◆ What the task asks:
Shown below are entries with pictures; the line with "2008 March-April 2008 NEWSBOY Page 7" through the line with "9mm Closed Miami" is the span to retype exactly, and the pictures stay out.

◆ Data for this exercise:
--- --- ---
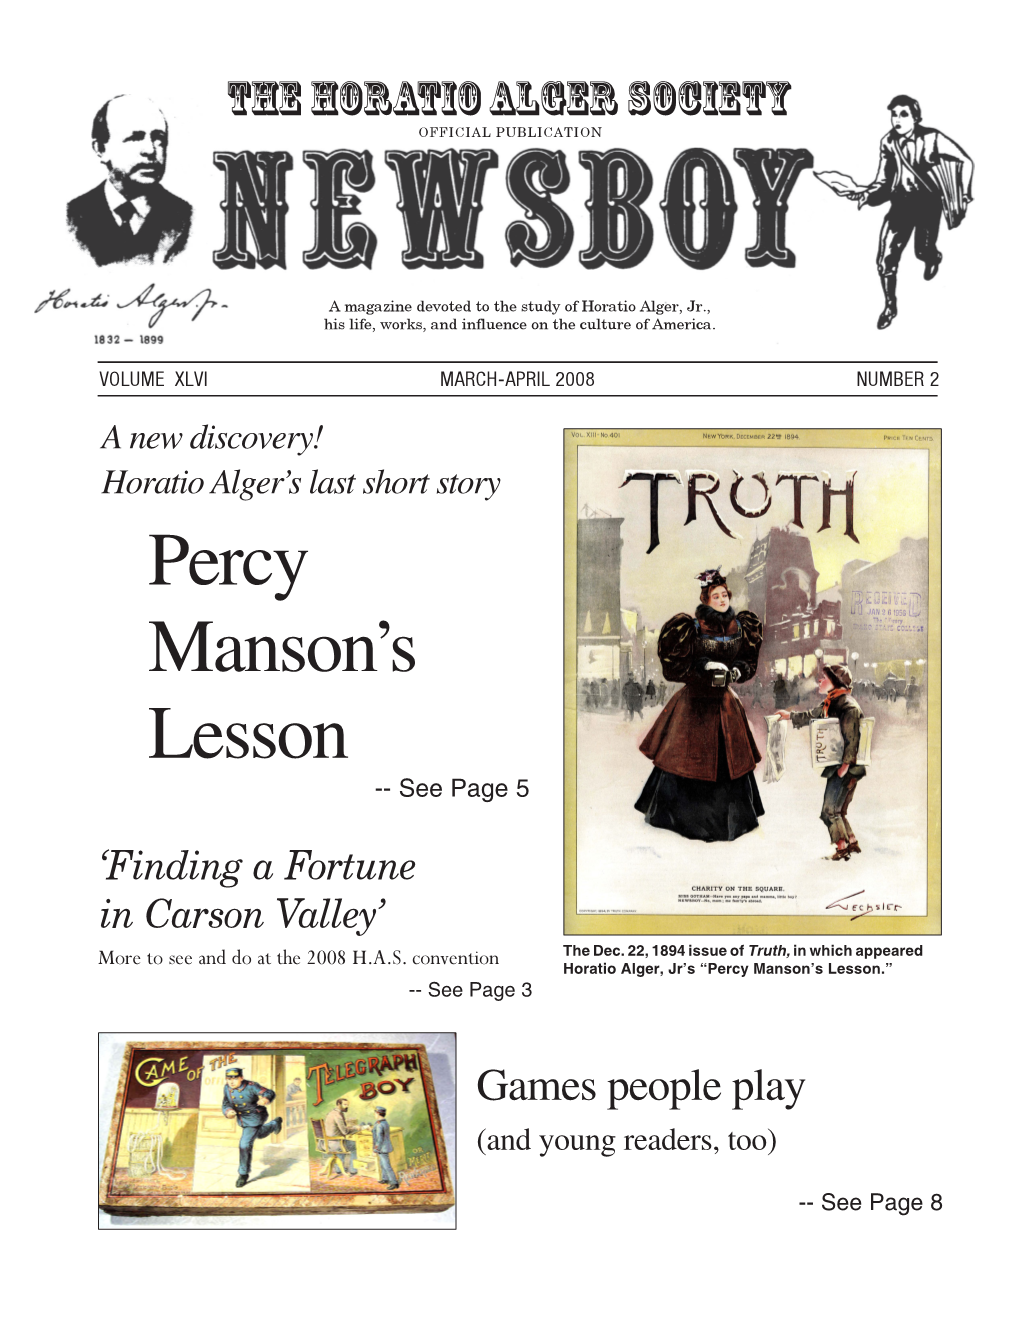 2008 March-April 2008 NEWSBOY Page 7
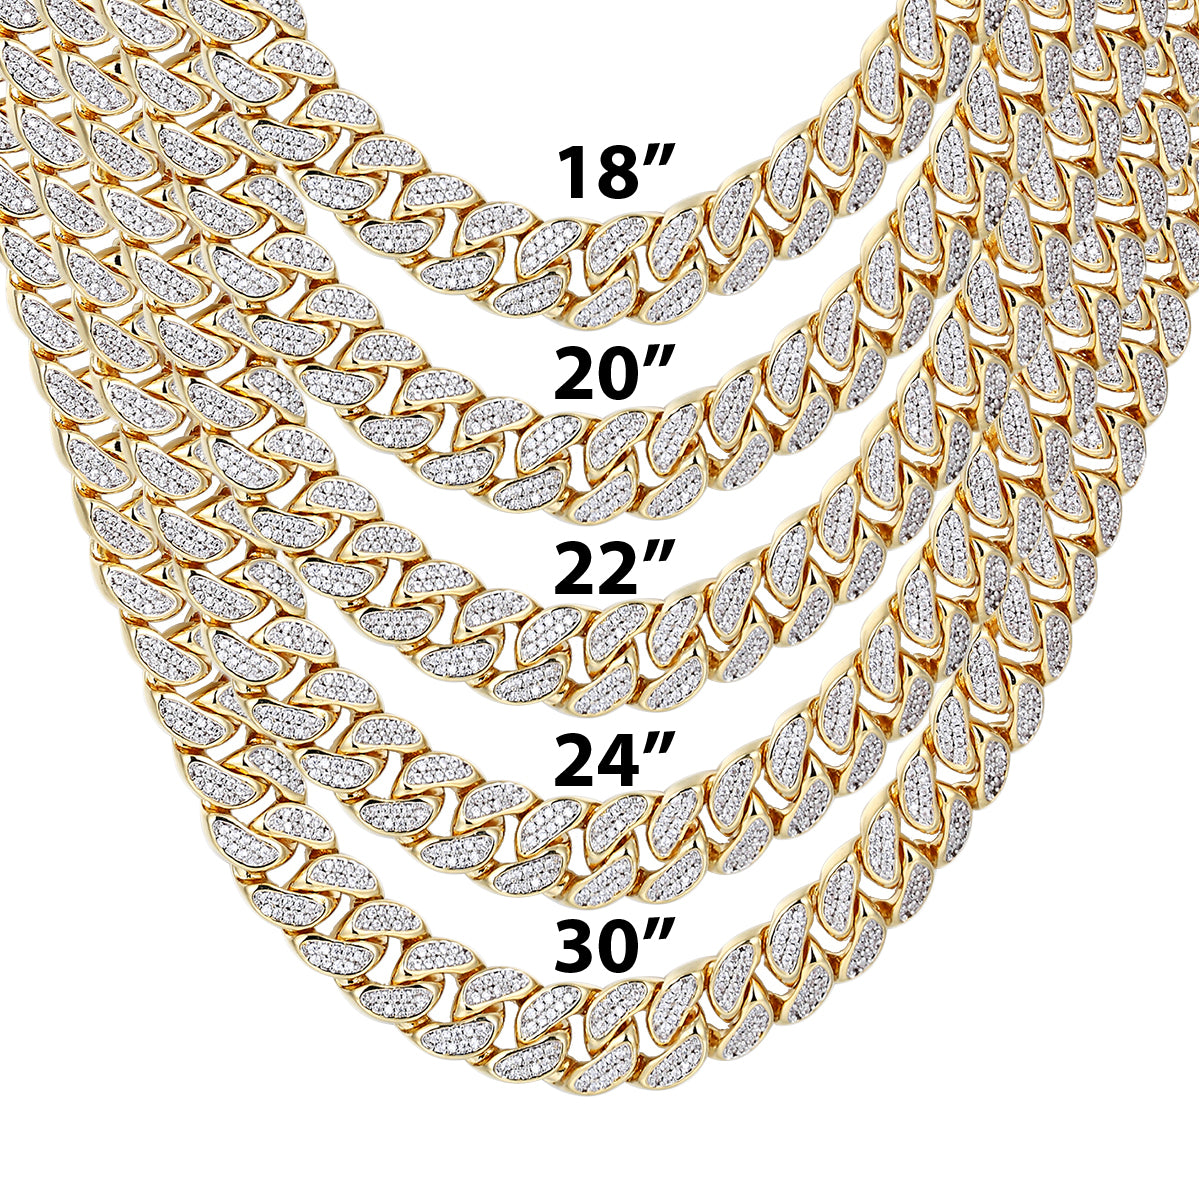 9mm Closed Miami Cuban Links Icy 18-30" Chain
--- --- ---
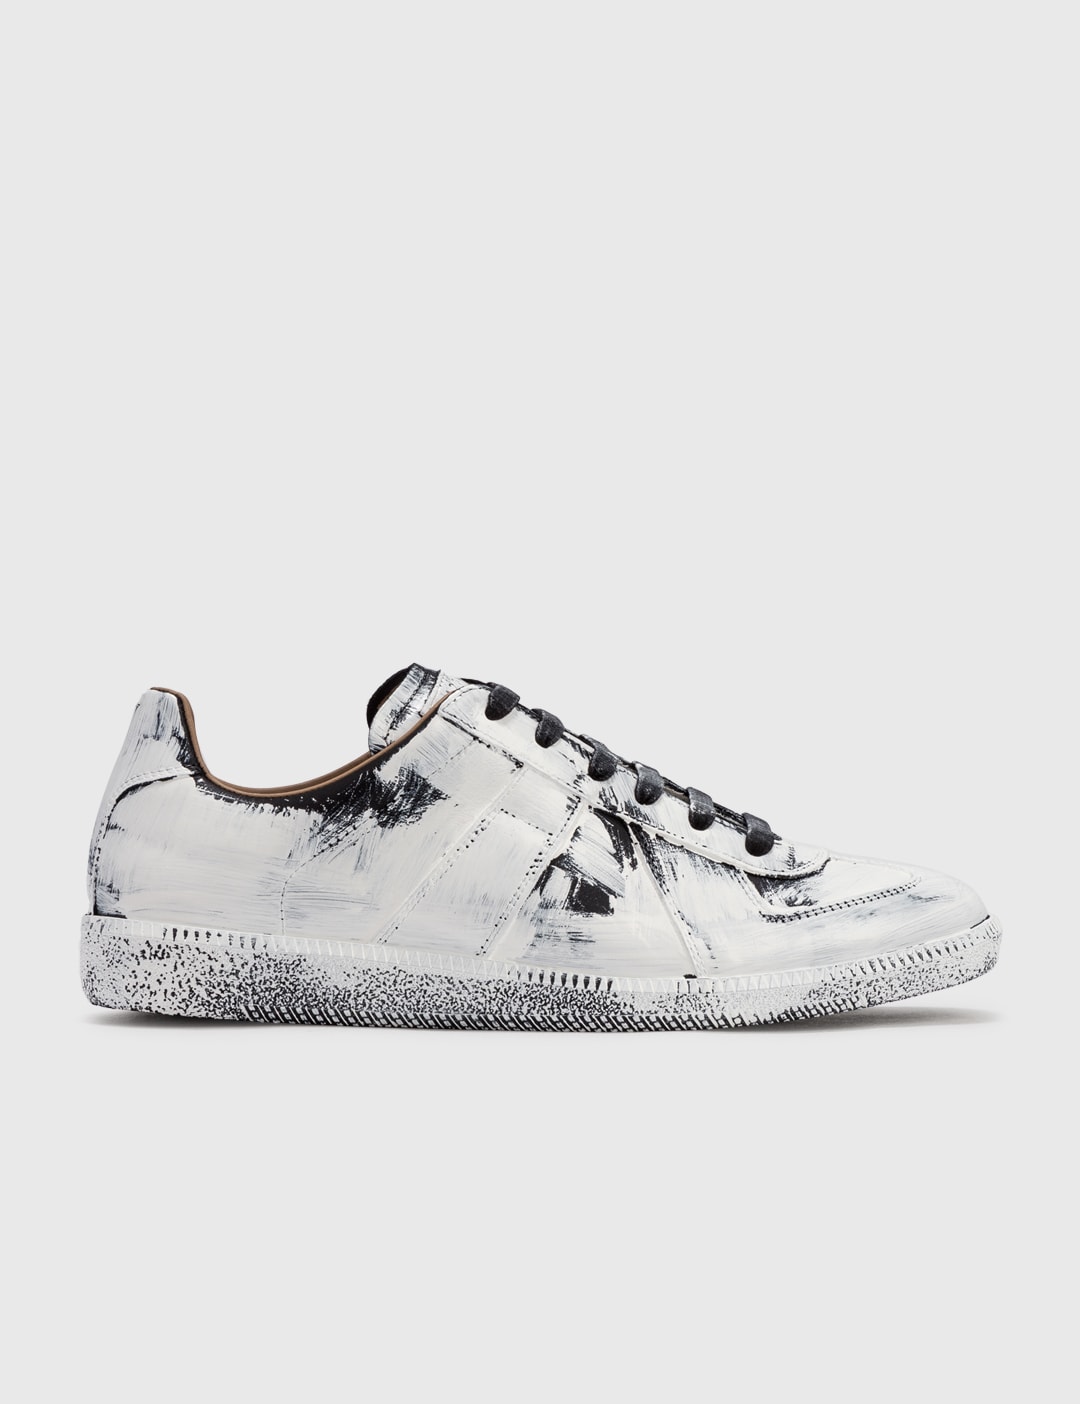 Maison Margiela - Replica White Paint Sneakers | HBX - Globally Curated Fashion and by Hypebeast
--- --- ---
◆ Your solution:
 2008 March-April 2008 NEWSBOY Page 7
 9mm Closed Miami Cuban Links Icy 18-30" Chain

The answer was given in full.